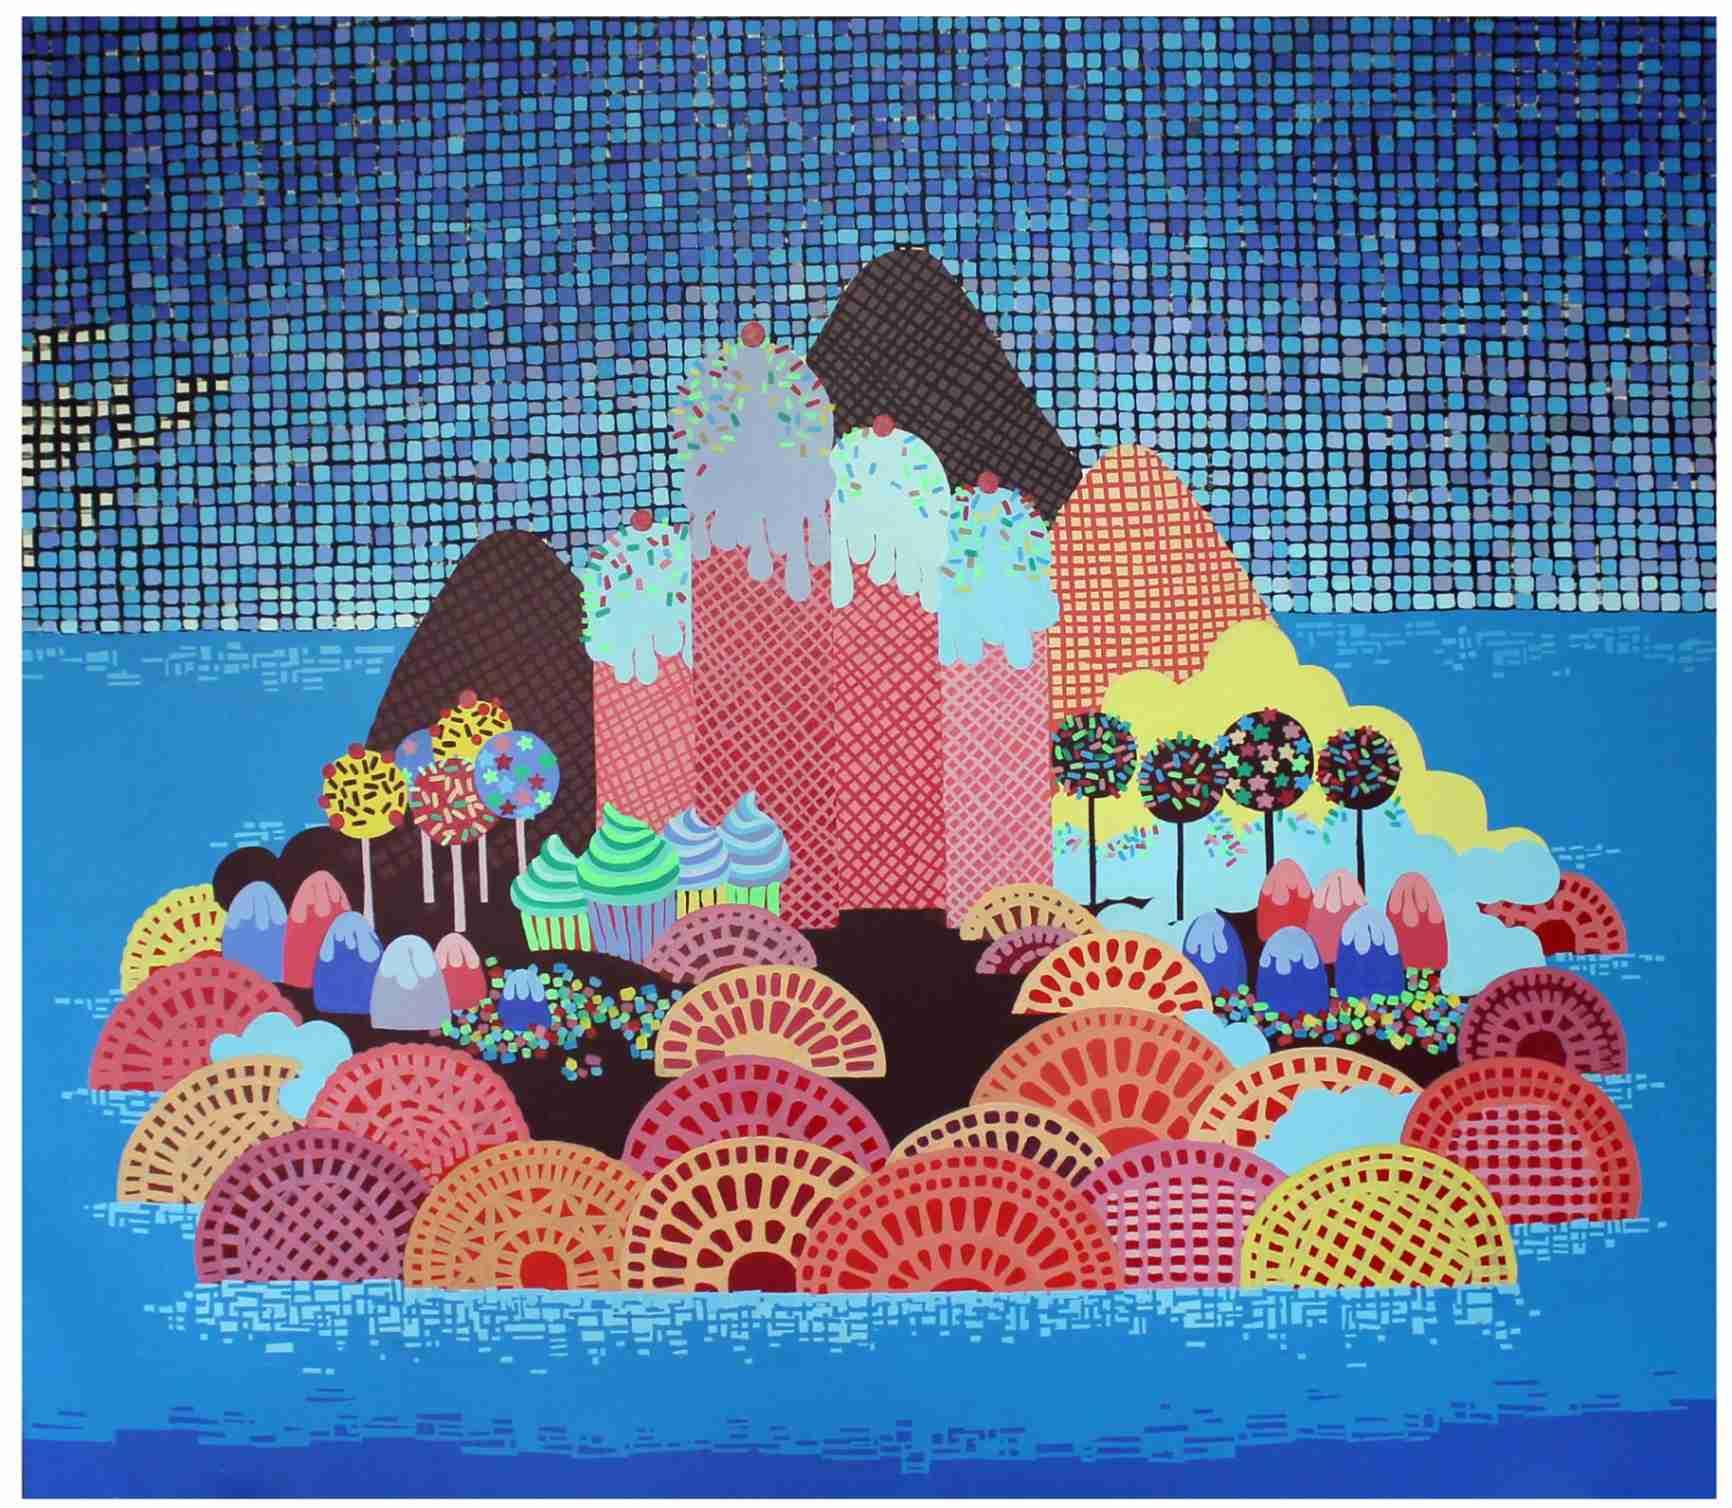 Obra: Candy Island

--

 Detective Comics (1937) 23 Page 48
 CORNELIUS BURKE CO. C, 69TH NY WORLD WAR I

* * *

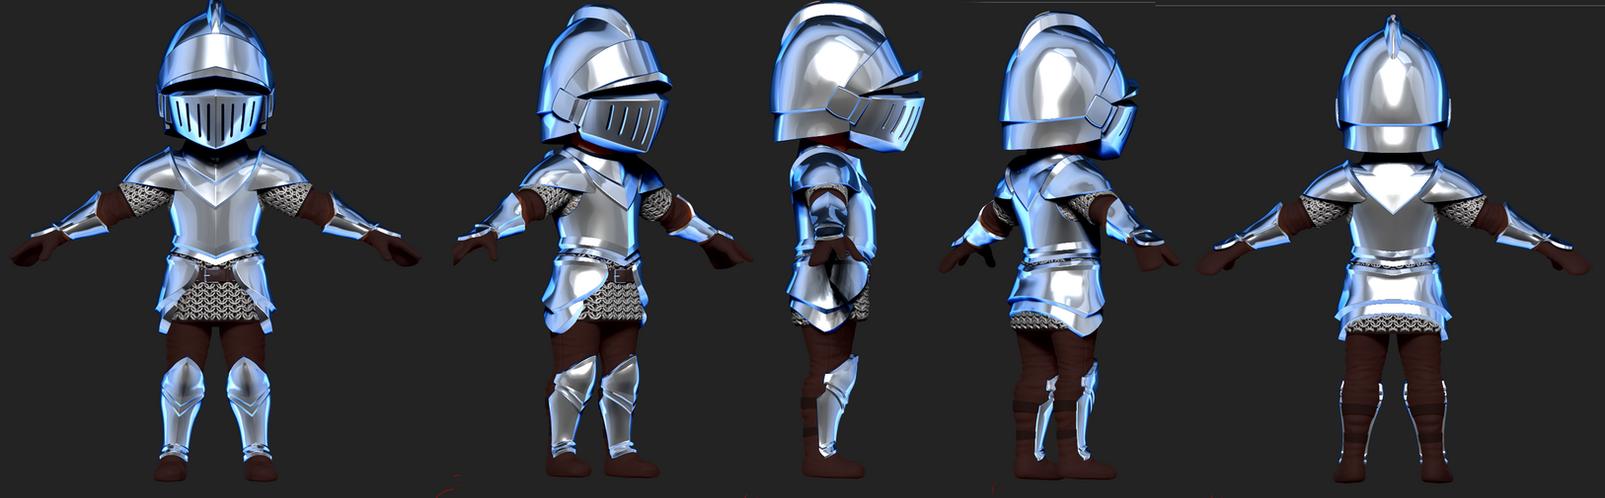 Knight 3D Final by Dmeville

• [BRIEF]
Set down, from the entries above, exactly the lines from the one with "Detective Comics (1937) 23 Page 48" up to and including the one with "CORNELIUS BURKE CO. C, 69TH NY WORLD WAR I", and no other lines.

• [TASK RESPONSE]
 Detective Comics (1937) 23 Page 48
 CORNELIUS BURKE CO. C, 69TH NY WORLD WAR I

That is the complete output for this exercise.